From: "Paul Tarjan via GitGitGadget" <gitgitgadget@gmail.com>
To: git@vger.kernel.org
Cc: Christian Couder <christian.couder@gmail.com>,
Han Xin <hanxin.hx@bytedance.com>,
Paul Tarjan <paul@paultarjan.com>, Patrick Steinhardt <ps@pks.im>,
Paul Tarjan <github@paulisageek.com>,
Paul Tarjan <github@paulisageek.com>
Subject: [PATCH v3] promisor-remote: prevent lazy-fetch recursion in child fetch
Date: Wed, 11 Mar 2026 14:19:38 +0000 [thread overview]
Message-ID: <pull.2224.v3.git.git.1773238778894.gitgitgadget@gmail.com> (raw)
In-Reply-To: <pull.2224.v2.git.git.1772648846009.gitgitgadget@gmail.com>
From: Paul Tarjan <github@paulisageek.com>
fetch_objects() spawns a child `git fetch` to lazily fill in missing
objects. That child's index-pack, when it receives a thin pack
containing a REF_DELTA against a still-missing base, calls
promisor_remote_get_direct() -- which is fetch_objects() again.
With negotiationAlgorithm=noop the client advertises no "have"
lines, so a well-behaved server sends requested objects
un-deltified or deltified only against objects in the same pack.

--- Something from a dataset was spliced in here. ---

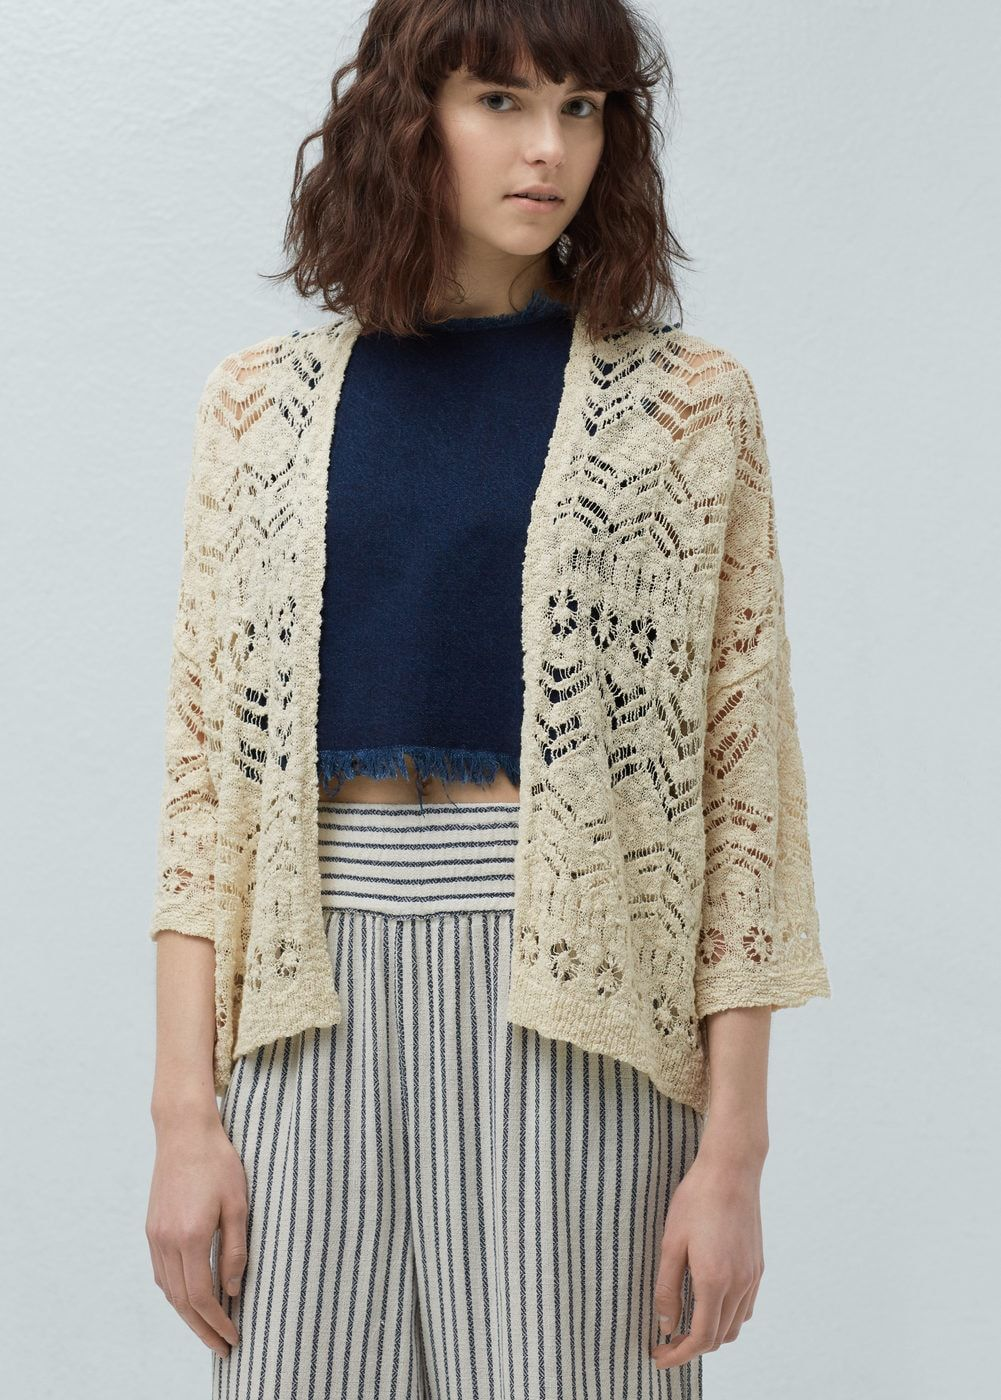 nueva procesos de tintura meticulosos gama exclusiva Cárdigan calado algodón - Mujer | ropa compras | Cotton ...

A server that nevertheless sends REF_DELTA against a base the
client does not have is misbehaving; however the client should
not recurse unboundedly in response.
Propagate GIT_NO_LAZY_FETCH=1 into the child fetch's environment
so that if the child's index-pack encounters such a REF_DELTA, it
hits the existing guard at the top of fetch_objects() and fails
fast instead of recursing. Depth-1 lazy fetch (the whole point
of fetch_objects()) is unaffected: only the child and its
descendants see the variable.
Add a test that injects a thin pack containing a REF_DELTA against
a missing base via HTTP, triggering the recursion path through
index-pack's promisor_remote_get_direct() call. With the fix, the
child's fetch_objects() sees GIT_NO_LAZY_FETCH=1 and blocks the
depth-2 fetch with a "lazy fetching disabled" warning.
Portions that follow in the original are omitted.